An env.yml file is provided for your convenience, especially when installing the tricky dependencies around `evcoupling`, though it has a few packages that are not necessary for FLIGHTED. If you do not want to run the full landscape modeling and just want to use FLIGHTED, you do not need to install anything below `pyro-ppl` on the list above, which can make your environment considerably simpler.

Once these packages are installed, add the FLIGHTED directory to your Python path (either as an environment variable or within an individual script) to run the model.

## Tests

Before using the package, you should test the code after installation to ensure that all the requirements are installed correctly and the package is working. To test the code, run `make test-all` in the main directory. This will automatically run a linter and all tests.

While developing code, you can skip slow tests by running `make test` instead.

## Data

Data, including the trained model weights for FLIGHTED-Selection and FLIGHTED-DHARMA, has been deposited at Zenodo [here](https://zenodo.org/records/10777739) and [here](https://zenodo.org/records/10779337). Data should be downloaded and installed in a `Data/` folder within this directory so the filepaths match in scripts and notebooks.

## Scripts

A number of scripts are provided for the most important functionality of FLIGHTED. Specifically, within `scripts/FLIGHTED_selection/`, we have:

1. `selection_simulations.py`: generates simulated single-step selection experiments for use as training data for FLIGHTED-selection.
2. `train_selection_model.py`: trains FLIGHTED-selection (should be run on a GPU).
3. `infer_fitness_from_selection.py`: infers fitnesses with variance from FLIGHTED-selection on a provided landscape. The script is written to use the GB1 landscape, but can be easily adapted.
4. `train_landscape_model.py`: trains a landscape model (with the given options) on the GB1 landscape with and without FLIGHTED-selection. Can be extended to train models on other landscapes.

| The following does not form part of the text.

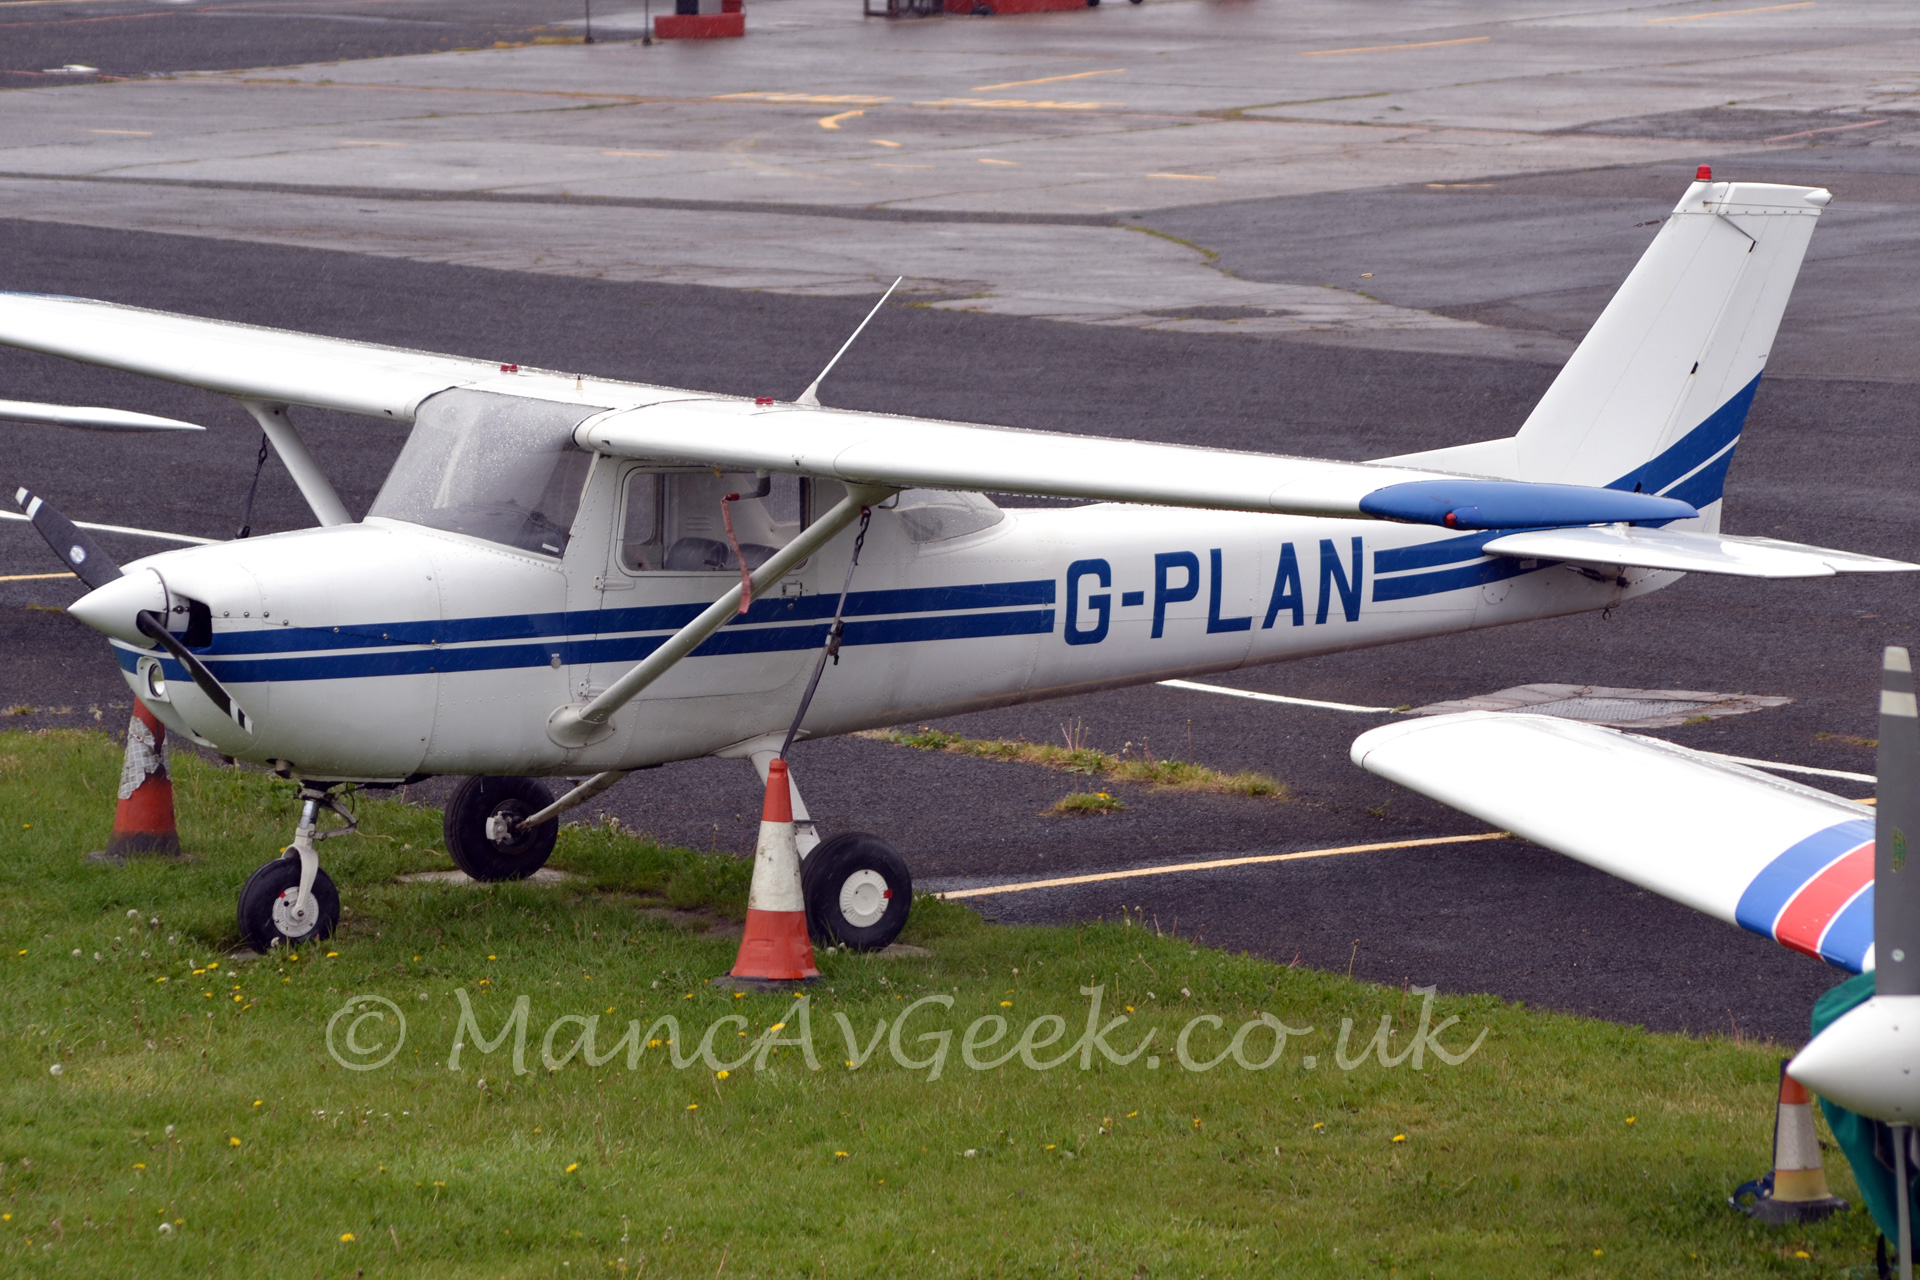 Side view of a single propellor-engined light aircraft parked on grass at the edge of a tarmaced area between a pair of orange and white traffic cones. The plane is mostly white, with a pair of blue stripes running back along the fuselage from the nose, with the registration "G-PLAN" on the rear fuselage. There is the wing and engine of another light aircraft just peeking in to view on the lower right of the frame.

Within `scripts/FLIGHTED_DHARMA`, we have:

1. `train_dharma_model.py`: trains FLIGHTED-DHARMA on the provided data (should be run on a GPU).
2. `infer_fitness_from_dharma.py`: infers fitnesses from DHARMA data.
3. `train_landscape_model.py`: trains a landscape model (with the given options) on the TEV landscape. Can be extended to train models on other landscapes.

These scripts should allow you to regenerate all data provided in Zenodo, aside from the DHARMA input data that was obtained experimentally.

## Notebooks

The provided notebooks reproduce all figures used in the main text and supplement, when provided with the Data deposited in Zenodo. They also provide examples of how to evaluate the performance of FLIGHTED-selection and FLIGHTED-DHARMA.

## Citing FLIGHTED

For now, please cite the MLSB paper.